Abraham Lincoln had a lopsided face. That’s not a dig at his looks—it’s a scientific fact confirmed by modern laser scans of his life masks. Specifically, he suffered from a condition called craniofacial microsomia.

Basically, the left side of Lincoln’s face was significantly smaller than the right. His left eye socket was set back further and sat higher than the right one. This caused his left eye to occasionally drift upward on its own—a condition called strabismus. If you look at a rare direct, front-on photo of him, he looks a bit... disjointed.

Photographers in the mid-1800s weren't stupid. They knew how to play with light and angles.
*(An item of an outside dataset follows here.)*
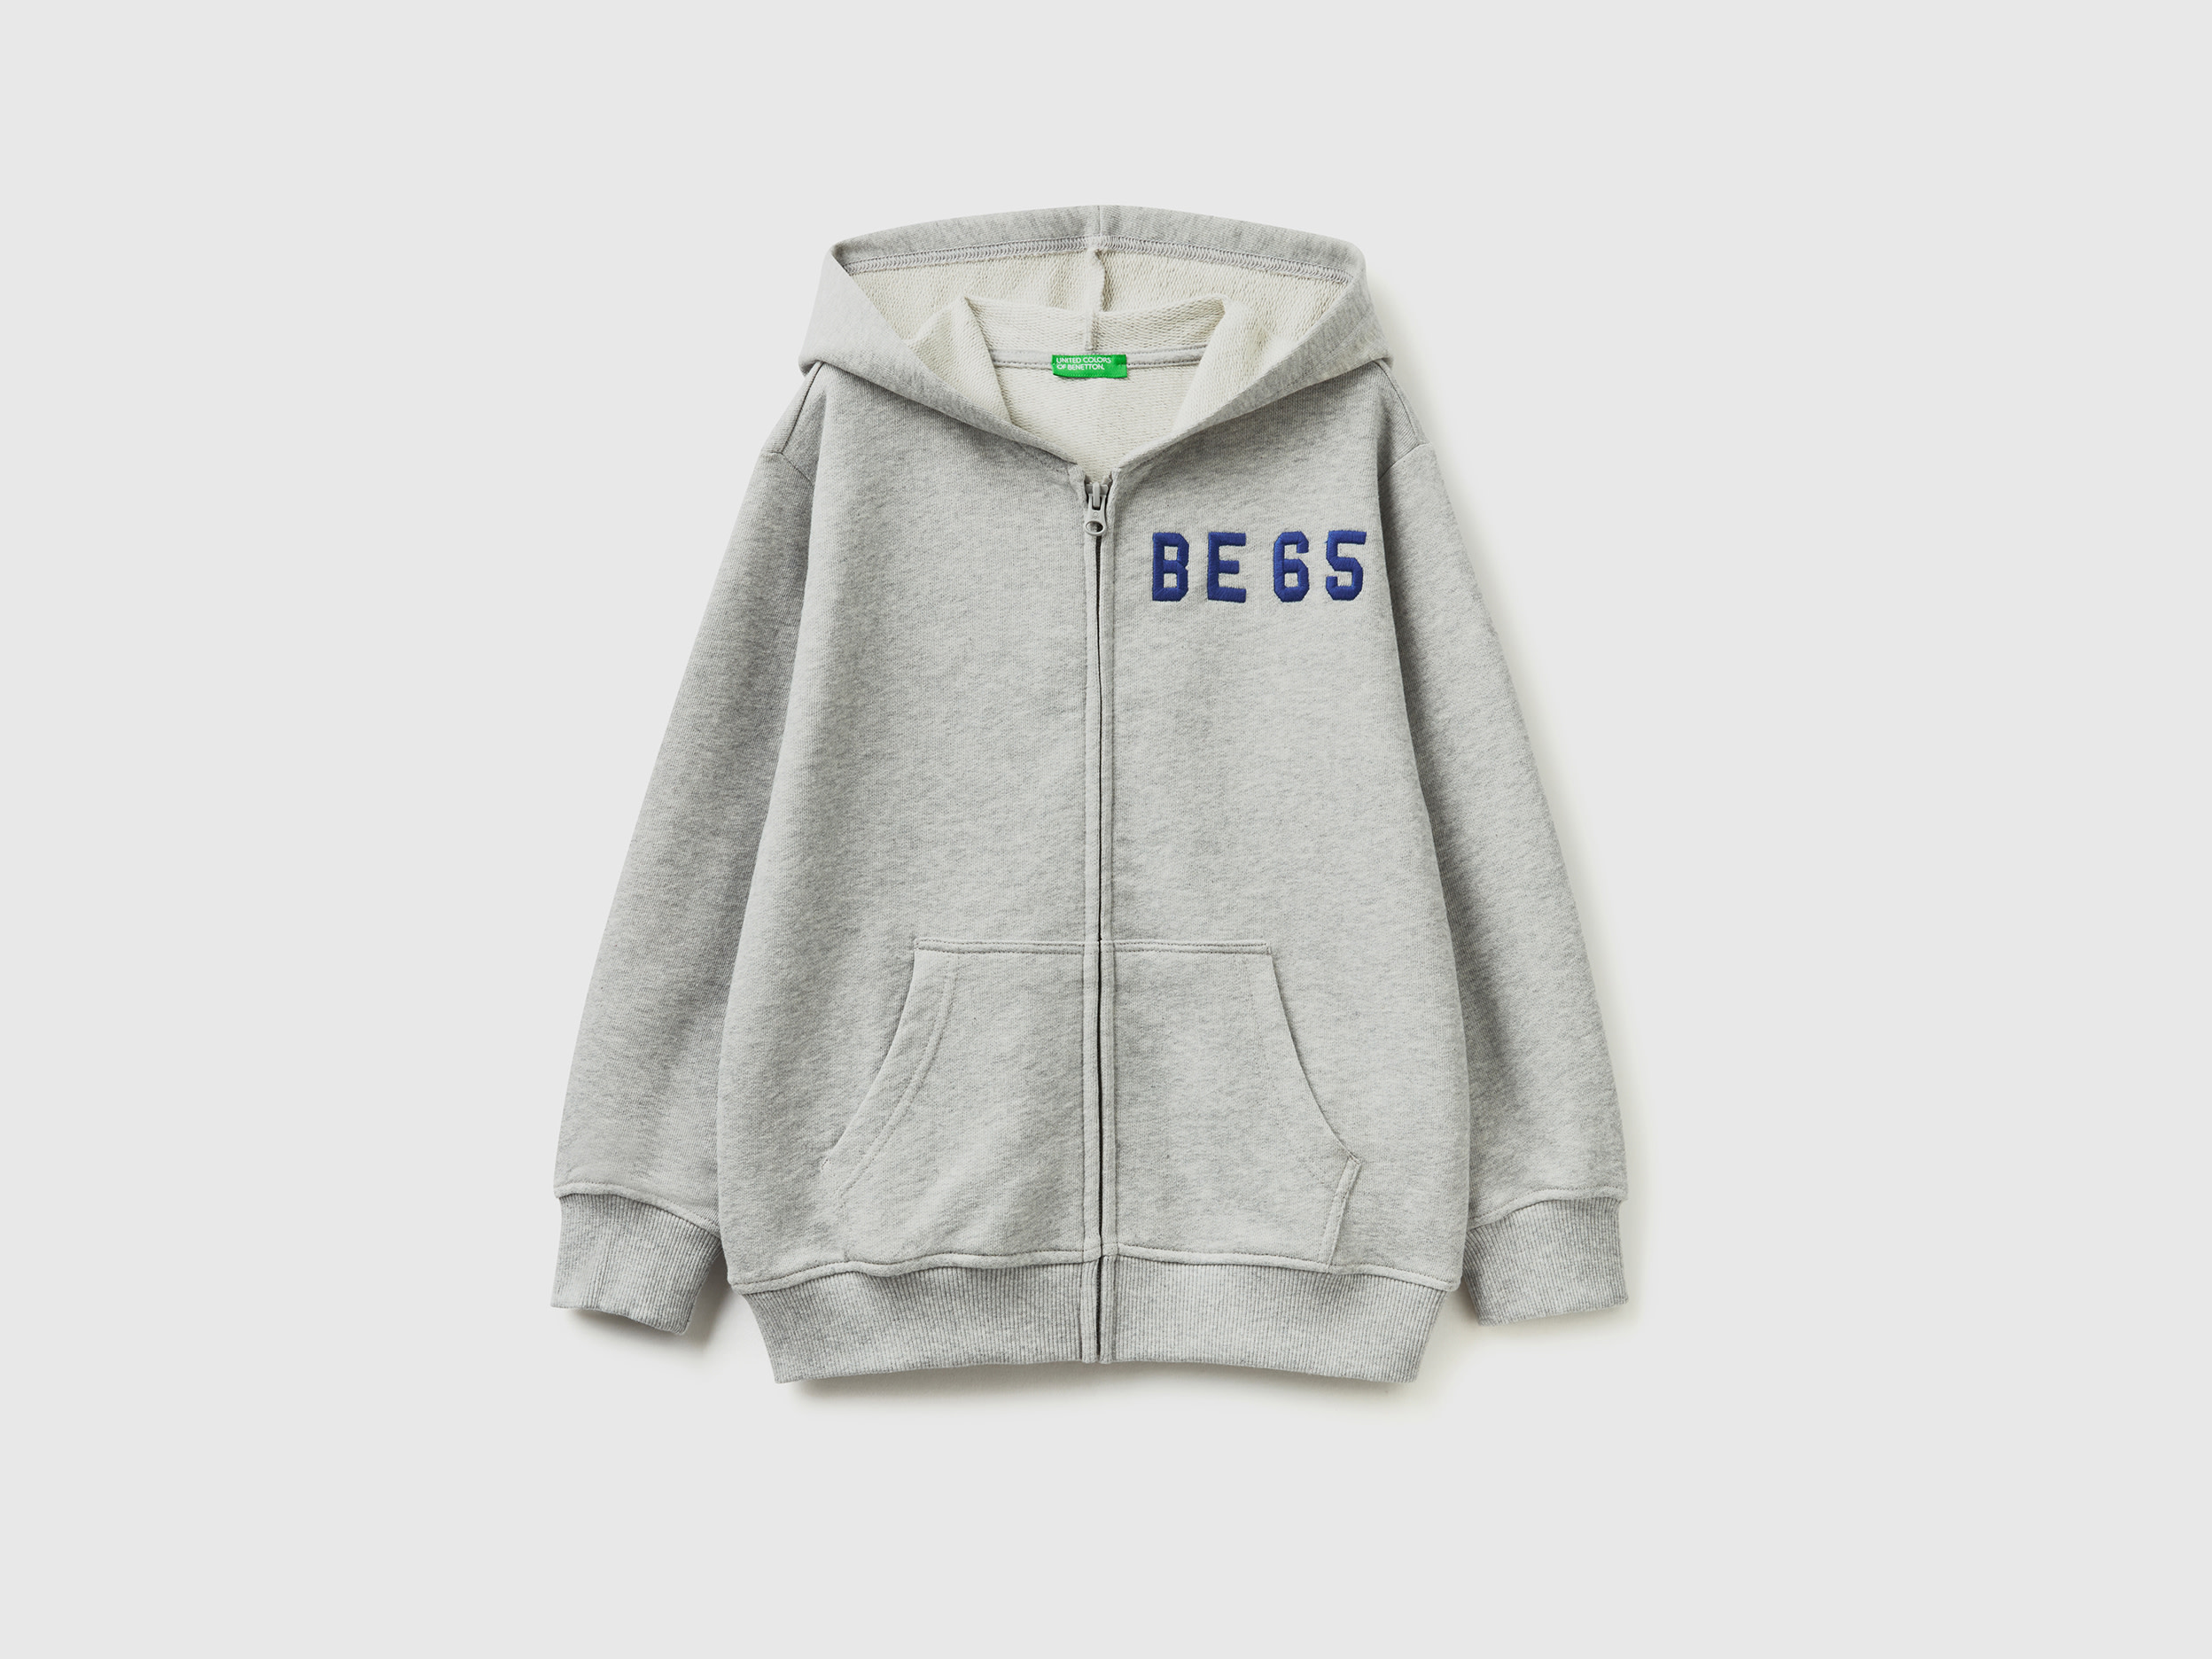 Benetton, Hoodie With Zip And Embroidered Logo, size L, Light Gray, Kids

Because the left side of his face was "underdeveloped" (in the words of Mount Rushmore sculptor Gutzon Borglum, who called it "primitive"), Lincoln and his photographers almost always preferred his right profile.

The right side was the strong side. It was the side where his jaw looked firmer and his features looked more symmetrical. It’s why the Abraham Lincoln side profile we know today—the one on the penny—is facing right.

That One Photo from 1864

The image etched into our collective memory didn't just appear out of nowhere. It’s based on a very specific photograph taken on February 9, 1864. Lincoln walked into Mathew Brady’s studio in Washington, D.C., just a few days before his 55th birthday.

The man behind the camera that day was actually Anthony Berger, one of Brady's top assistants. He captured Lincoln in a sharp, crisp right-side profile. This wasn't just a casual snapshot. Lincoln used these "cartes de visite" (basically 19th-century business cards) as a political tool.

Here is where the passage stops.